The clinical team that carried out that first identical-twin transplantation in 1954 in Boston could not have anticipated the tremendous advances that have occurred in transplantation. Today, transplant clinicians have an armamentarium of immunosuppressive agents at their disposal, all of which are used in various combinations both for induction and maintenance immunosuppression. Loss of organs due to acute, irreversible rejection is now uncommon, and one-year graft-survival rates of 80 to 90 percent are the norm for all types of organ transplantation. Many problems remain to be solved — for example, the insidious loss of grafts from chronic allograft failure; complications associated with immunosuppressive drugs, Including nephrotoxicity, hypertension, hyperlipidemia, and diabetes; and with long-term immunosuppression, the increased incidence of infection and cancer. Furthermore, the gap between the number of organs available and the demand for organs increases every year, giving rise to serious ethical dilemmas of equity versus utility in the allocation of this increasingly valuable resource. These factors enter into the routine decisions that guide organ allocation and the care of critically ill patients.
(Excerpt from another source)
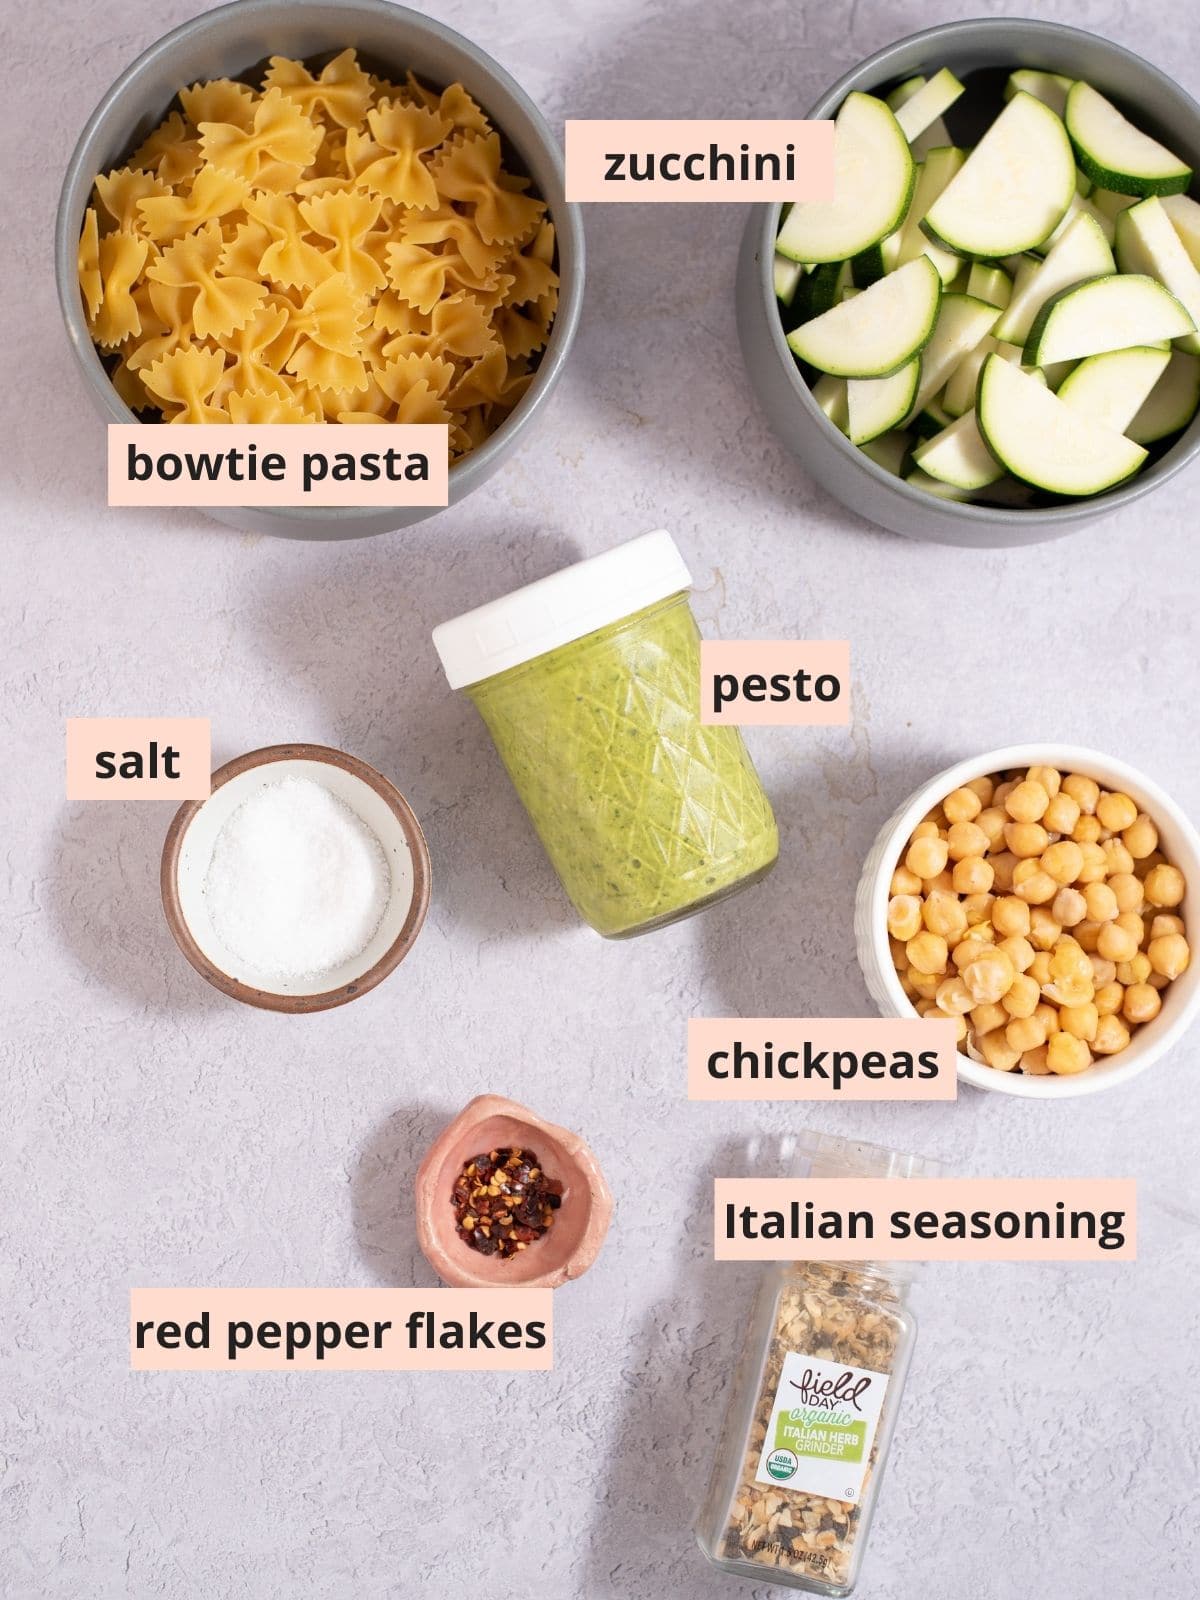 Labeled ingredients used to make pesto pasta.

Clinical transplantation is considered one of the medical miracles of the 20th century and remains an enormously exciting field. New scientific and ethical challenges emerge from areas such as xenotransplantation and use of organs from donors carrying HIV and HCV infection. However, such challenges and exciting scientific insights combine to make the field a dynamic work-in-progress. Some of the major achievements and disputes in this multidisciplinary clinical field will be the subject of this school which fits within the central theme of complexity.
Chaos vs. Complexity?
Decision-making in transplantation must account for numerous, individual biological factors – for which formal measurements may not exist. Physicians say the patient “looks sick.” Pathologists opine “This is a good organ.” These “expert” opinions are used to predict the outcomes of transplantation.
Chaos theory concerns deterministic systems whose behavior should be predictable based on initial conditions. Chaotic systems are predictable for a while and then ‘appear’ to become random. All donors and recipients of transplanted organs, organs, allocation systems and medical care vary greatly. These differences in initial conditions (even those which are small) produce widely diverging outcomes for such systems, rendering long-term prediction or generalization impossible. Complexity, in contrast, is generally used to characterize a process with many parts where those parts interact with each other in multiple ways. The study of these complex linkages at various scales is the main goal of complex systems theory – and the exciting subject of this course.
What is the path forward for clinical transplantation? Can the outcomes of transplantation be predicted based on the initial conditions of donor, organs, and recipients? Or are outcomes dependent on unknown or unpredictable features, and completely unpredictable?
According to theory, predictions regarding the outcomes of transplantation should depend on three factors:
• How accurately can we measure its current state? (How much do we know about what we are doing?)
• How much uncertainty can we tolerate in the forecast (how well will our patients do?)
• Over what time is stability or predictability expected? (Why do some patients fall off the curve?)